### Task brief
The output is the lines below from the one with "Angeboten in Nachlass Zustand, enthält dieses" through the one with "ISEKI SXG326 DIESEL", both included, printed exactly and with no other line.

----- Given records -----

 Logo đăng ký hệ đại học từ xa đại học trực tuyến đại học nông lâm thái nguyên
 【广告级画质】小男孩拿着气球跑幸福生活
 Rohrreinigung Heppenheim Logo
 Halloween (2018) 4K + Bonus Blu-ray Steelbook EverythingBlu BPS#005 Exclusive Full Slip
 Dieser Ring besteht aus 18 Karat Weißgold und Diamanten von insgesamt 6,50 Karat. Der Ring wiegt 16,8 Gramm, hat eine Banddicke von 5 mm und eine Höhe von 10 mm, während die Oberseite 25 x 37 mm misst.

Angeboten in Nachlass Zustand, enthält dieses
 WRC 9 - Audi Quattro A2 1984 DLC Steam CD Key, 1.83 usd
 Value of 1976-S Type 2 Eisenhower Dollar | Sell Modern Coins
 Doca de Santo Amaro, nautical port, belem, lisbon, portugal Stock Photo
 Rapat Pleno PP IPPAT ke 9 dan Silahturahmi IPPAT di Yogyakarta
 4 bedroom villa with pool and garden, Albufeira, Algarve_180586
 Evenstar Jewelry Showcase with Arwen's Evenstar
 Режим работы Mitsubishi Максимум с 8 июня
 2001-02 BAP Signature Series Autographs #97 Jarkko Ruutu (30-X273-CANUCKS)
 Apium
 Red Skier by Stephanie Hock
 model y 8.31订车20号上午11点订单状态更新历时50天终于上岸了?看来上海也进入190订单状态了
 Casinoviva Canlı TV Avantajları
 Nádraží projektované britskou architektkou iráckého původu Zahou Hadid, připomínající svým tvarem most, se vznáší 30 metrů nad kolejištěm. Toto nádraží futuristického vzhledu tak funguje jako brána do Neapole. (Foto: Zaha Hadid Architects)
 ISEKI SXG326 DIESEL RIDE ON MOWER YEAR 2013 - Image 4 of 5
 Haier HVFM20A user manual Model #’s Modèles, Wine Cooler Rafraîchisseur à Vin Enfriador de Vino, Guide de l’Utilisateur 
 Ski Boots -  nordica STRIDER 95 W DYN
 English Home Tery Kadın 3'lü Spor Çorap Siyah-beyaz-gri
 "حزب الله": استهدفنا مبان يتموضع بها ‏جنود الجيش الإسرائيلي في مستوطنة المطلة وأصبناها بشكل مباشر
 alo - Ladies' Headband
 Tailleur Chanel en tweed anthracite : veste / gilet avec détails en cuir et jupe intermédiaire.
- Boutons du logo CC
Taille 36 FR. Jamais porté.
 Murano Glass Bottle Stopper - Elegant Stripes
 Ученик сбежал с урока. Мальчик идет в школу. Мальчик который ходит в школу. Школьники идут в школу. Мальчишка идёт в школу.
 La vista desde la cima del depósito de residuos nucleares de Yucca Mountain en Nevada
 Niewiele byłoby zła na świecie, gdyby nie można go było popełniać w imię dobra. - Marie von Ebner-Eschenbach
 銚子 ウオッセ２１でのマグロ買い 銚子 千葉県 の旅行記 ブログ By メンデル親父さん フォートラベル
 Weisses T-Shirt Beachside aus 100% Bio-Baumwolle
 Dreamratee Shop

-----

### Task solution
Angeboten in Nachlass Zustand, enthält dieses
 WRC 9 - Audi Quattro A2 1984 DLC Steam CD Key, 1.83 usd
 Value of 1976-S Type 2 Eisenhower Dollar | Sell Modern Coins
 Doca de Santo Amaro, nautical port, belem, lisbon, portugal Stock Photo
 Rapat Pleno PP IPPAT ke 9 dan Silahturahmi IPPAT di Yogyakarta
 4 bedroom villa with pool and garden, Albufeira, Algarve_180586
 Evenstar Jewelry Showcase with Arwen's Evenstar
 Режим работы Mitsubishi Максимум с 8 июня
 2001-02 BAP Signature Series Autographs #97 Jarkko Ruutu (30-X273-CANUCKS)
 Apium
 Red Skier by Stephanie Hock
 model y 8.31订车20号上午11点订单状态更新历时50天终于上岸了?看来上海也进入190订单状态了
 Casinoviva Canlı TV Avantajları
 Nádraží projektované britskou architektkou iráckého původu Zahou Hadid, připomínající svým tvarem most, se vznáší 30 metrů nad kolejištěm. Toto nádraží futuristického vzhledu tak funguje jako brána do Neapole. (Foto: Zaha Hadid Architects)
 ISEKI SXG326 DIESEL RIDE ON MOWER YEAR 2013 - Image 4 of 5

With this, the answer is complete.